What you have to do:
Only the stretch below from the line holding "Dirt track car clipart." through the line holding "Lego SDCC 2009 Dislay Sets Back" should be restated, word for word and with both ends included; pictures stay out.

Supplied entries:

===

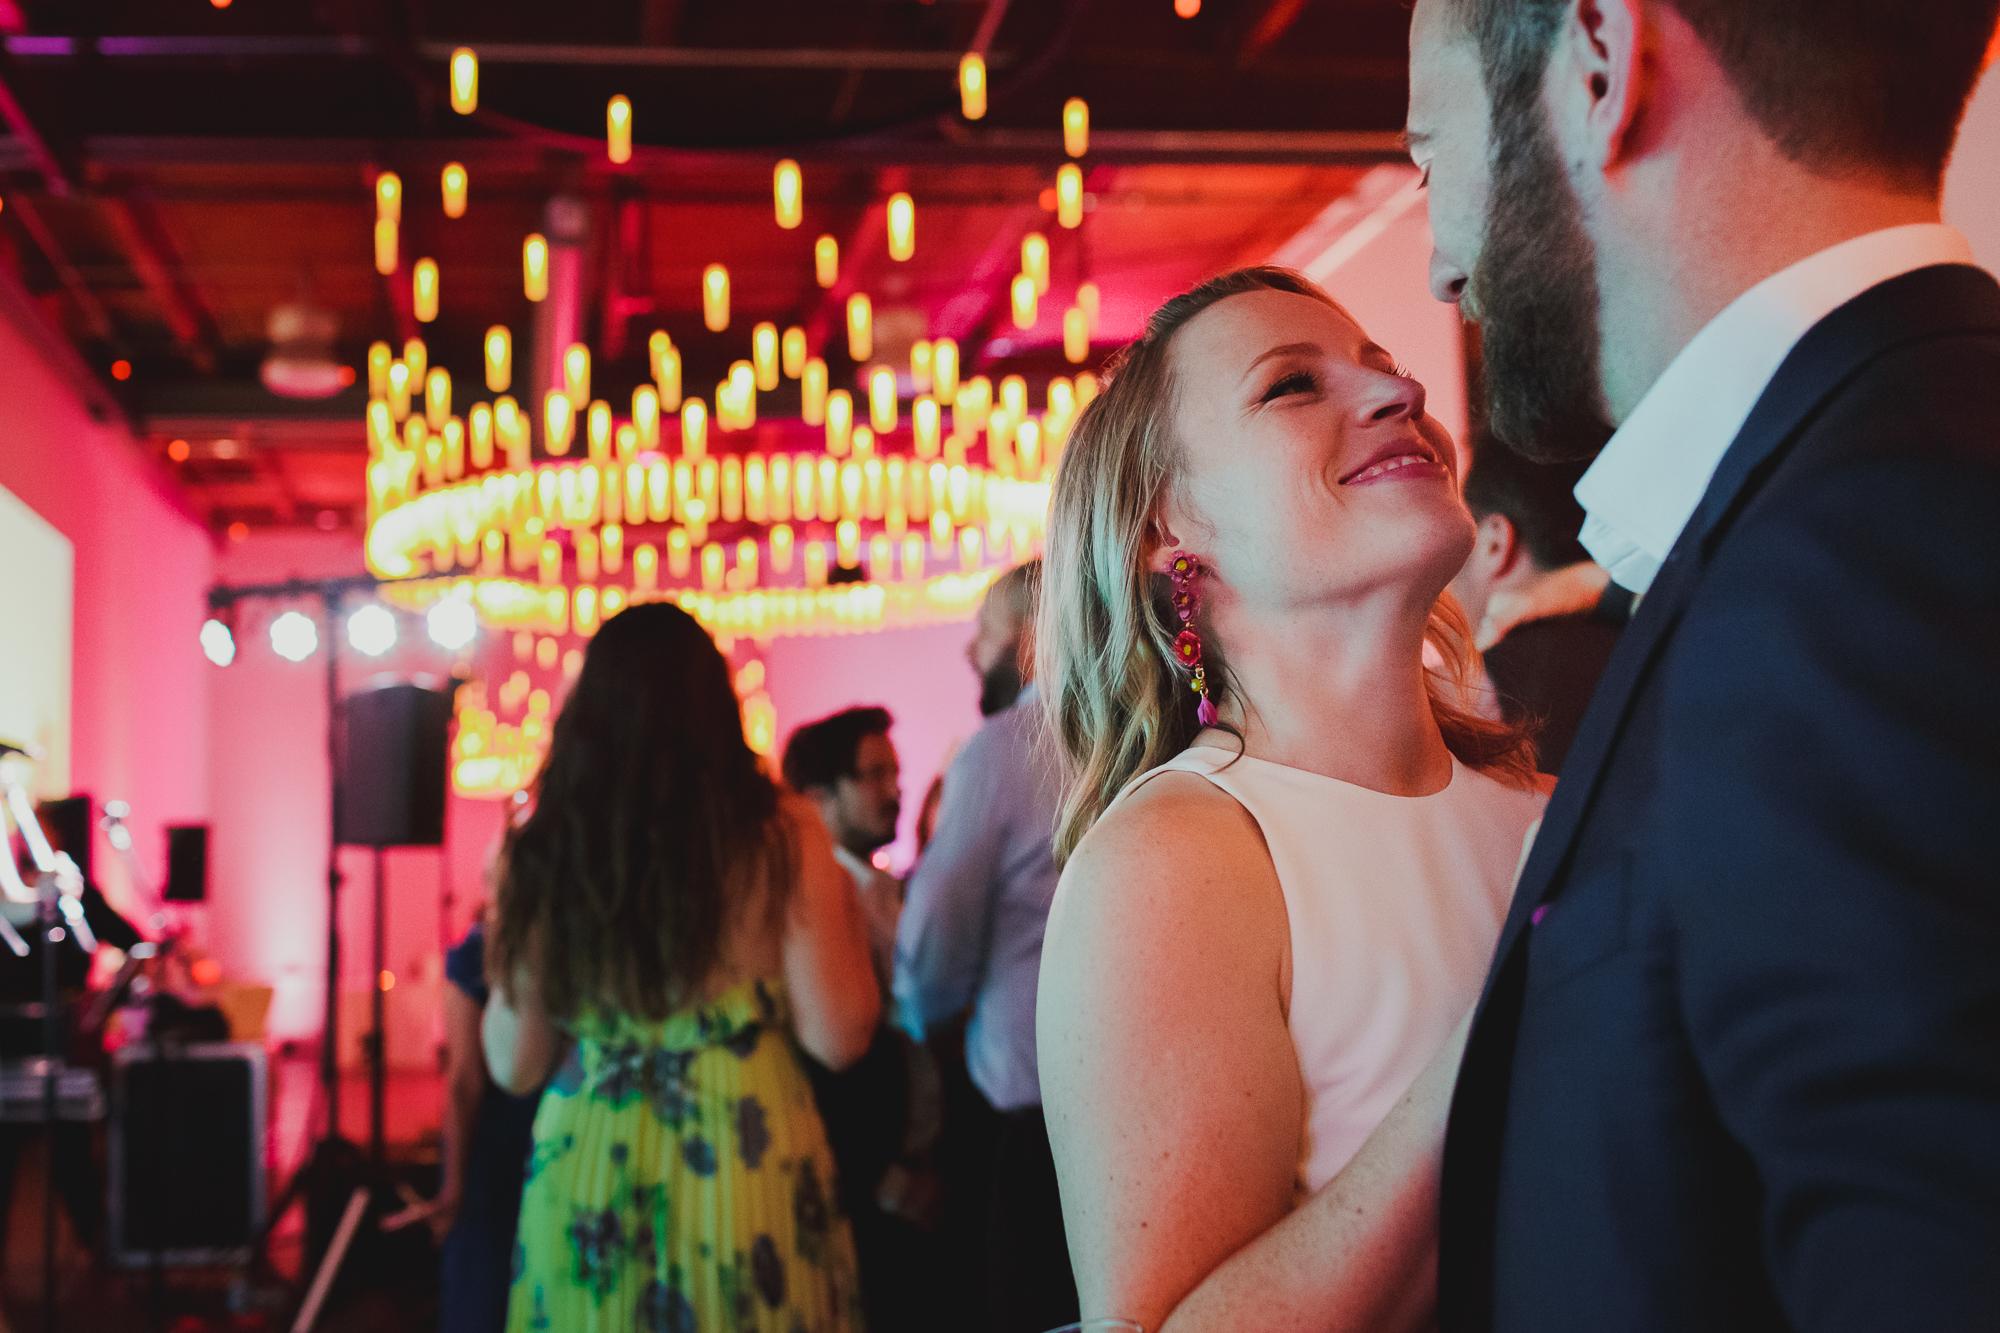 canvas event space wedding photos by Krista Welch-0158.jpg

===

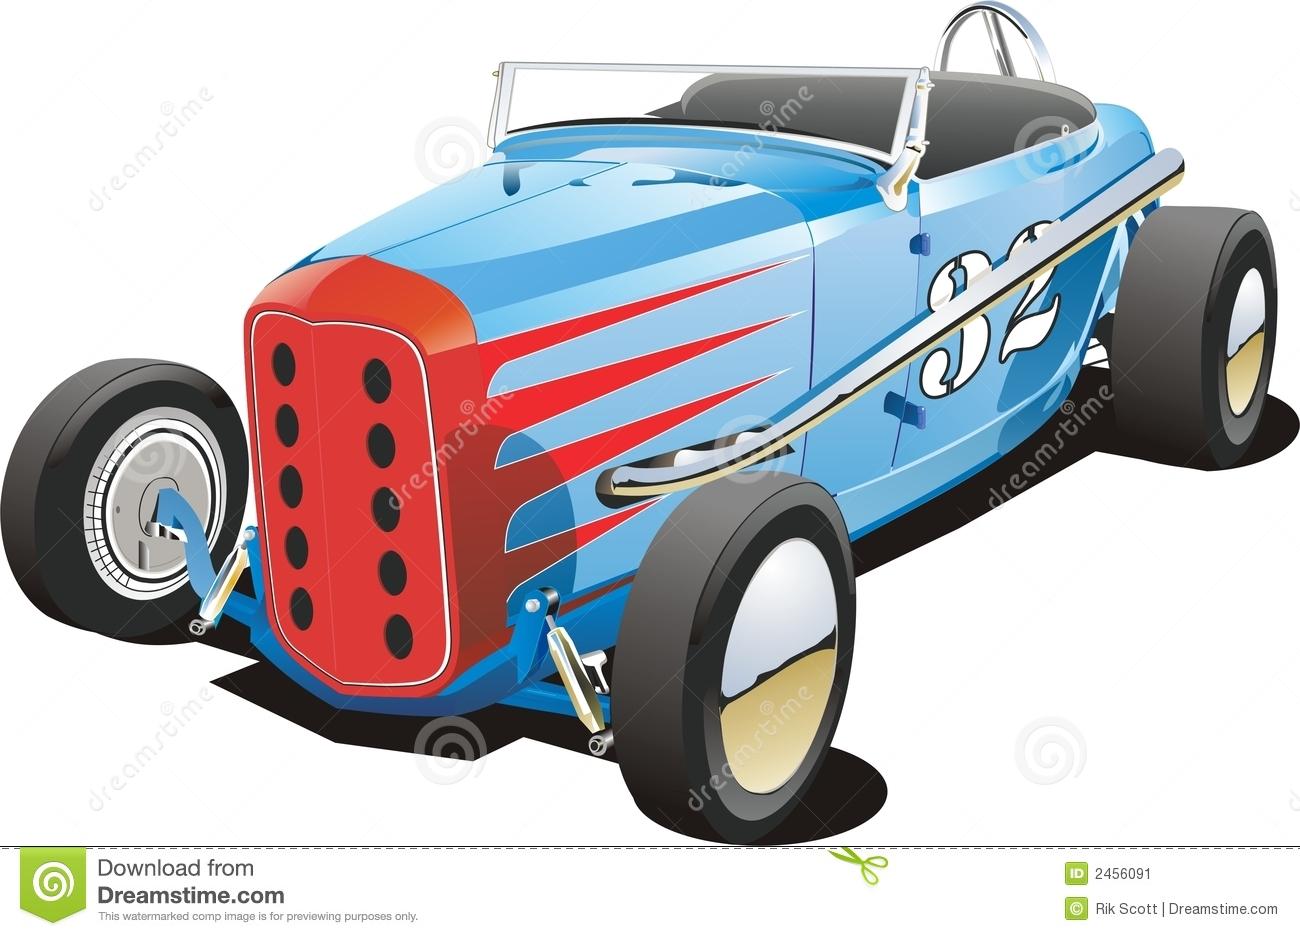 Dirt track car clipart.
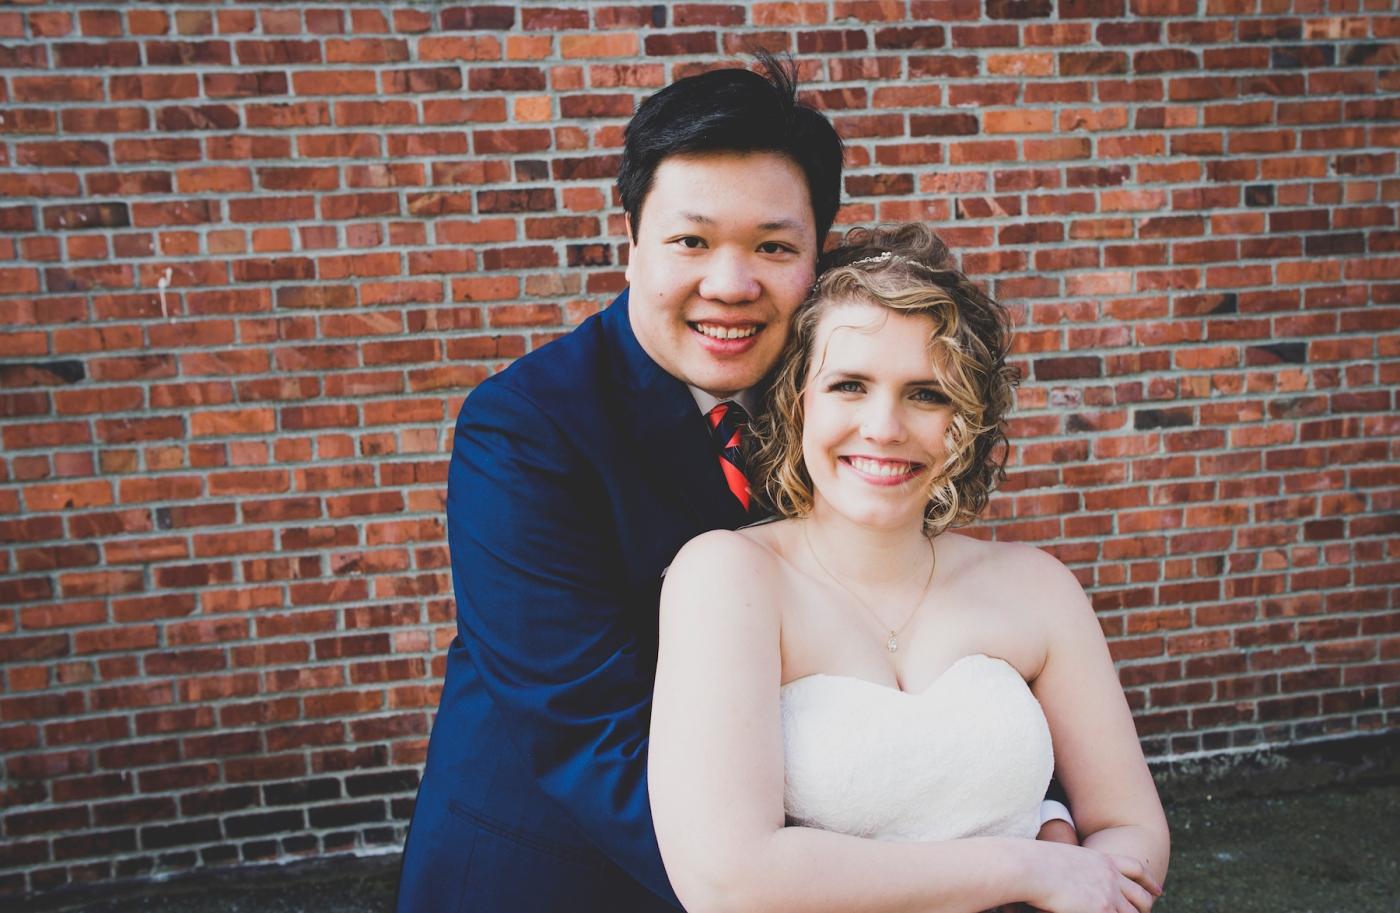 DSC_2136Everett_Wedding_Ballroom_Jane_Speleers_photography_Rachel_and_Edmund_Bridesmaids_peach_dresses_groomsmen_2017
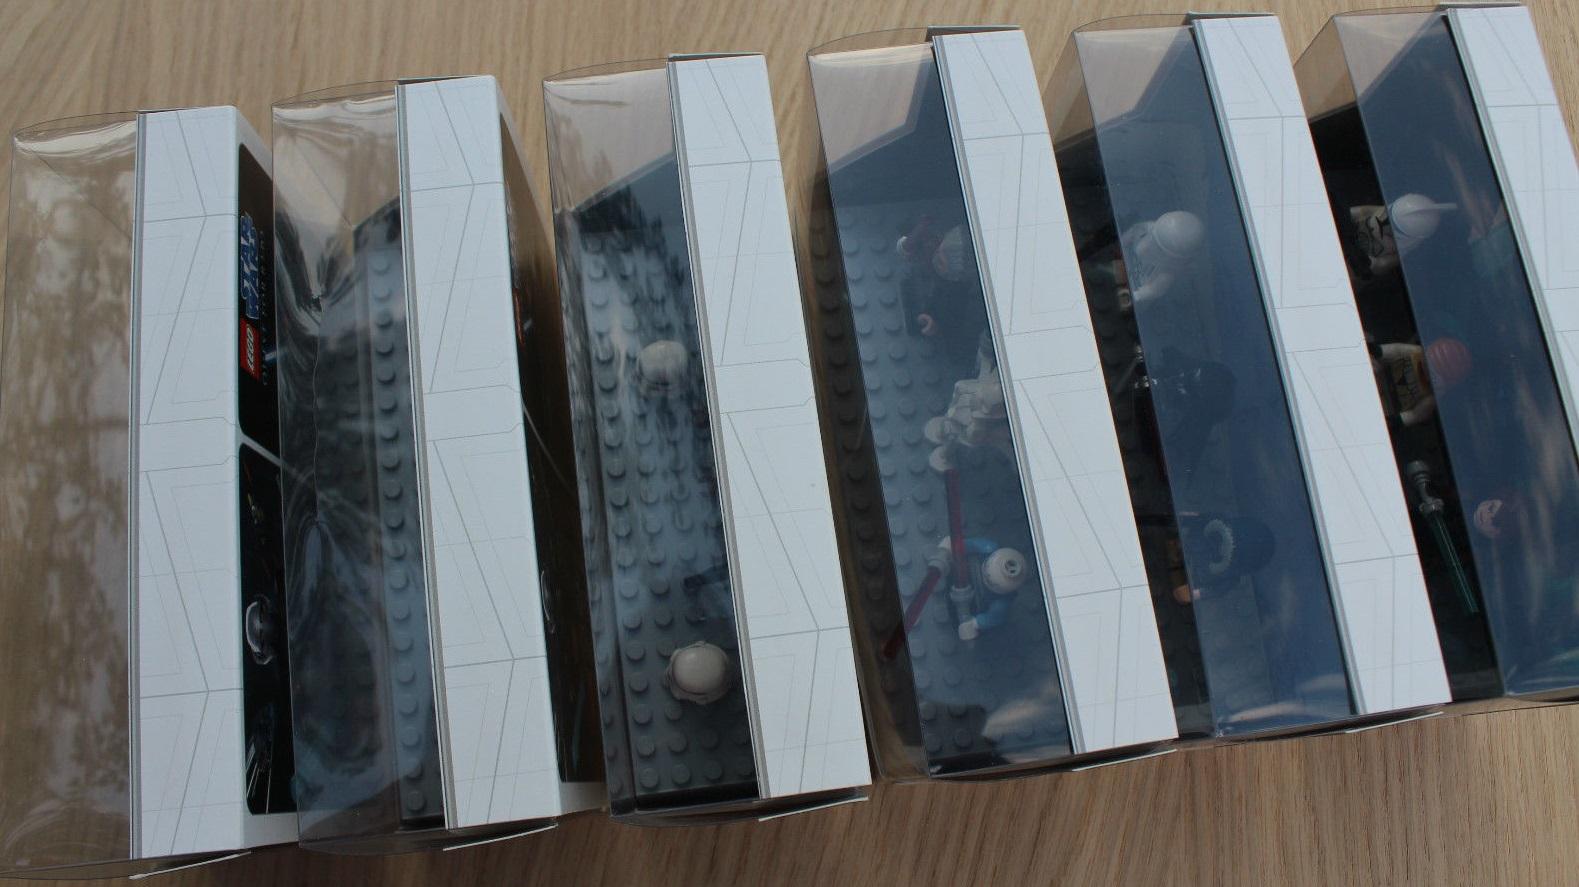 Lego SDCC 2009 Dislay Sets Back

===

Result:
 Dirt track car clipart.
 DSC_2136Everett_Wedding_Ballroom_Jane_Speleers_photography_Rachel_and_Edmund_Bridesmaids_peach_dresses_groomsmen_2017
 Lego SDCC 2009 Dislay Sets Back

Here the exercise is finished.